I seem to remember some time ago that a new list was being compiled, but I wonder if that was filed somewhere and whether it will be used in continuing the Saturday Symphony.


----------



## shadowdancer (Mar 31, 2014)

techniquest said:


> With just 15 weeks to go before we reach the end of the TC Top 150 Recommended Symphonies list, do we have a new list to take over so that the Saturday Symphony tradition can be kept going? This has been really good fun - I've listened to a lot and learned a lot more and contributed whenever I feel I have anything vaguely useful to say.
> I seem to remember some time ago that a new list was being compiled, but I wonder if that was filed somewhere and whether it will be used in continuing the Saturday Symphony.


I think it is a great idea to continue it. We could expand it to other genres from TC lists, as String Concerti, Keyboard Concerti, Orchestral Works, and so on.


----------



## Pugg (Aug 8, 2014)

shadowdancer said:


> I think it is a great idea to continue it. We could expand it to other genres from TC lists, as String Concerti, Keyboard Concerti, Orchestral Works, and so on.


I second this :tiphat:


----------



## SiegendesLicht (Mar 4, 2012)

How about Saturday Opera?


----------



## D Smith (Sep 13, 2014)

I'd be happy to start again at the top of the list for another 150 weeks of listening.


----------



## Pugg (Aug 8, 2014)

SiegendesLicht said:


> How about Saturday Opera?


This is already in the opera section.

http://www.talkclassical.com/35345-metropolitan-opera-broadcast-listeners.html


----------



## Pugg (Aug 8, 2014)

D Smith said:


> I'd be happy to start again at the top of the list for another 150 weeks of listening.

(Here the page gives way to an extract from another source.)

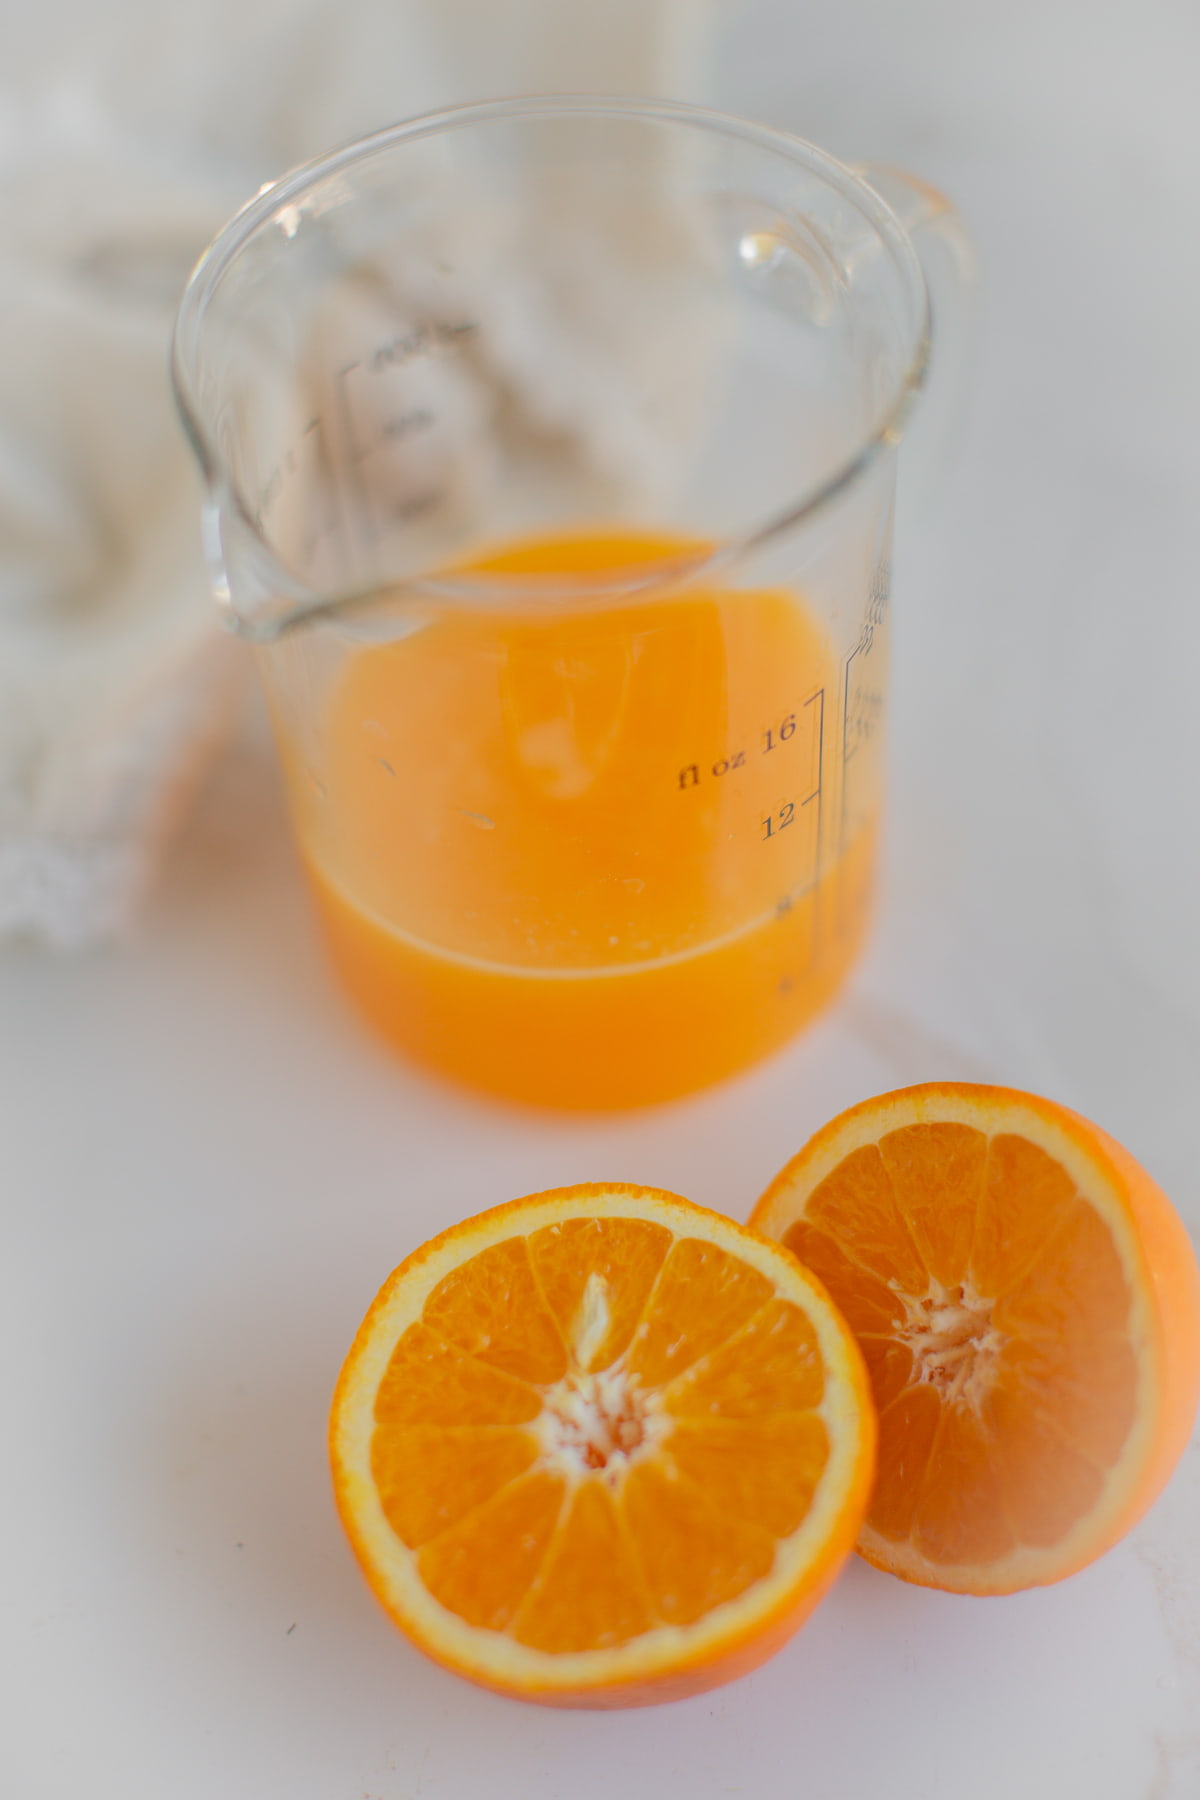 An orange sliced in half next to a pitcher of fresh orange juice.

If you would be so kind, please do :tiphat:


----------



## maestro267 (Jul 25, 2009)

It would be interesting to play the game that produced the 150 Recommended Symphonies, but without the ones in that list. Give people a challenge and make them listen to and appreciate music outside the so-called "standard repertoire".


----------



## realdealblues (Mar 3, 2010)

Yes, I plan on continuing it for a while. I noticed many works missing that I felt should have been on the list and made a post a year or so ago asking everyone for suggestions and to post their recommendations of works that were not in that 150. I received a bunch of comments and suggestions and have arranged them by the most amount of votes so to speak and will be starting with the symphony that was most requested after the final Symphony from the current list.


----------



## shadowdancer (Mar 31, 2014)

realdealblues said:


> Yes, I plan on continuing it for a while. I noticed many works missing that I felt should have been on the list and made a post a year or so ago asking everyone for suggestions and to post their recommendations of works that were not in that 150. I received a bunch of comments and suggestions and have arranged them by the most amount of votes so to speak and will be starting with the symphony that was most requested after the final Symphony from the current list.

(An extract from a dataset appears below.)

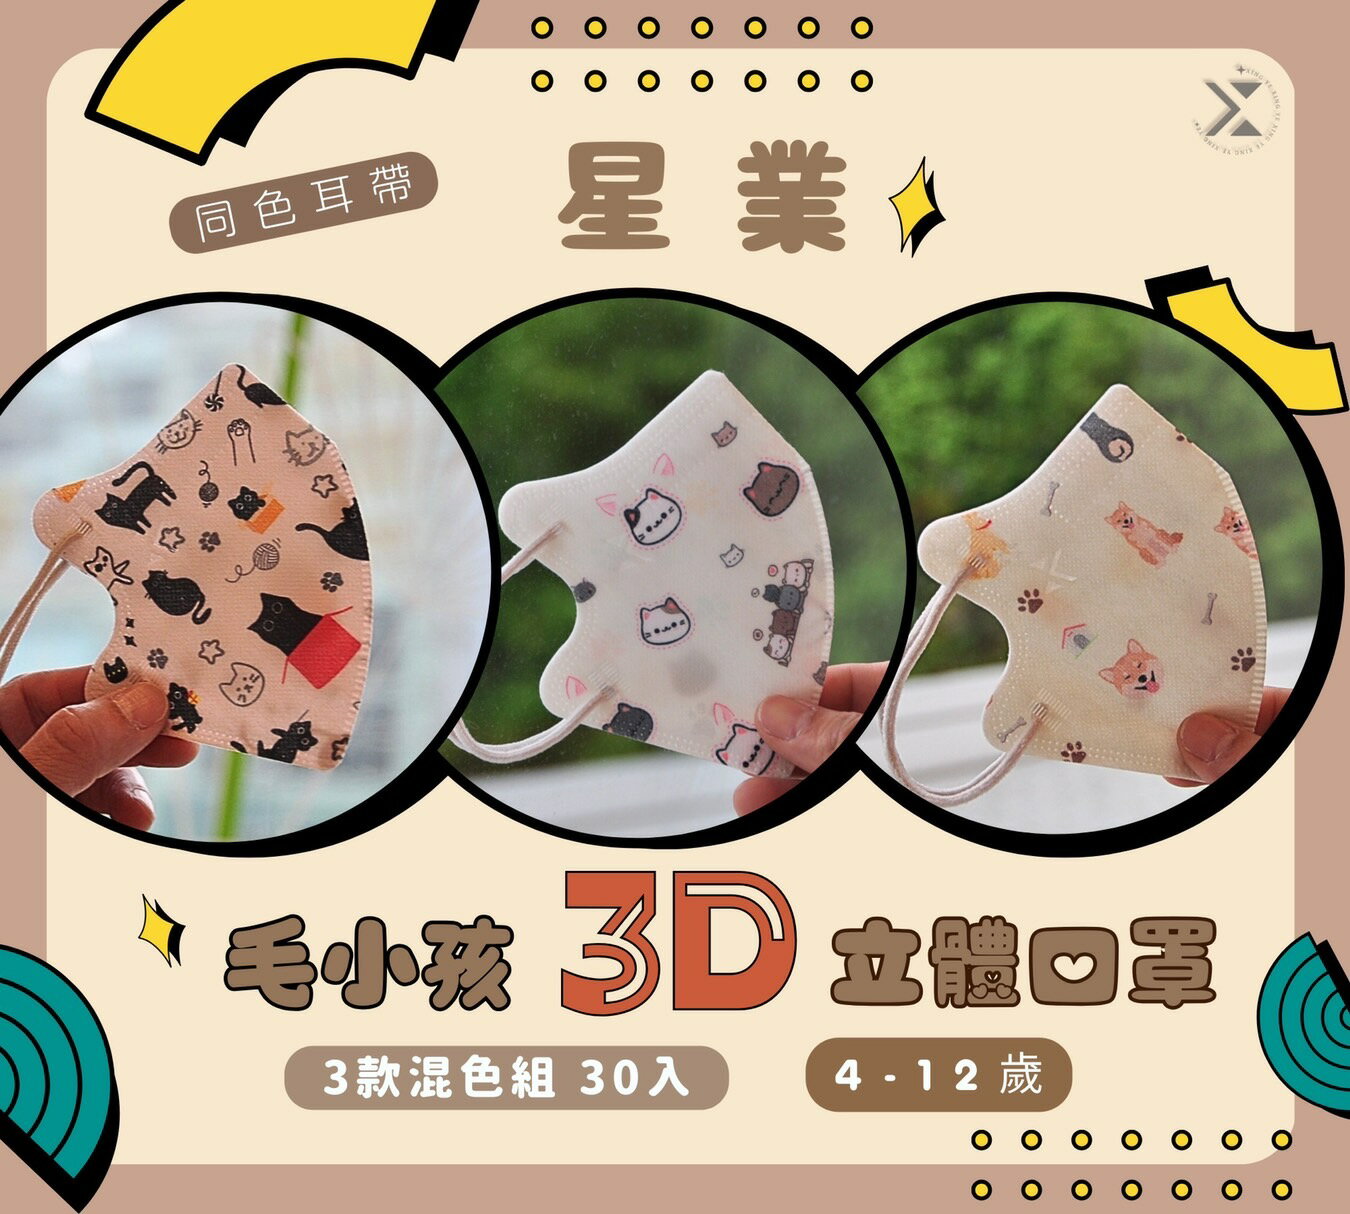 【星業毛小孩3】星業-兒童3D立體防護口罩 30片入 一盒三色 每色10片 C型口罩 兒童立體口罩 毛孩系列-3

Thanks a lot for you effort on this! Much appreciated.


----------



## techniquest (Aug 3, 2012)

realdealblues said:


> Yes, I plan on continuing it for a while. I noticed many works missing that I felt should have been on the list and made a post a year or so ago asking everyone for suggestions and to post their recommendations of works that were not in that 150. I received a bunch of comments and suggestions and have arranged them by the most amount of votes so to speak and will be starting with the symphony that was most requested after the final Symphony from the current list.


Yippee - it continues. Thanks for doing this - you may be surprised at how positive this saturday symphony thing has been for some of us.


----------



## Skilmarilion (Apr 6, 2013)

realdealblues said:


> Yes, I plan on continuing it for a while. I noticed many works missing that I felt should have been on the list and made a post a year or so ago asking everyone for suggestions and to post their recommendations of works that were not in that 150.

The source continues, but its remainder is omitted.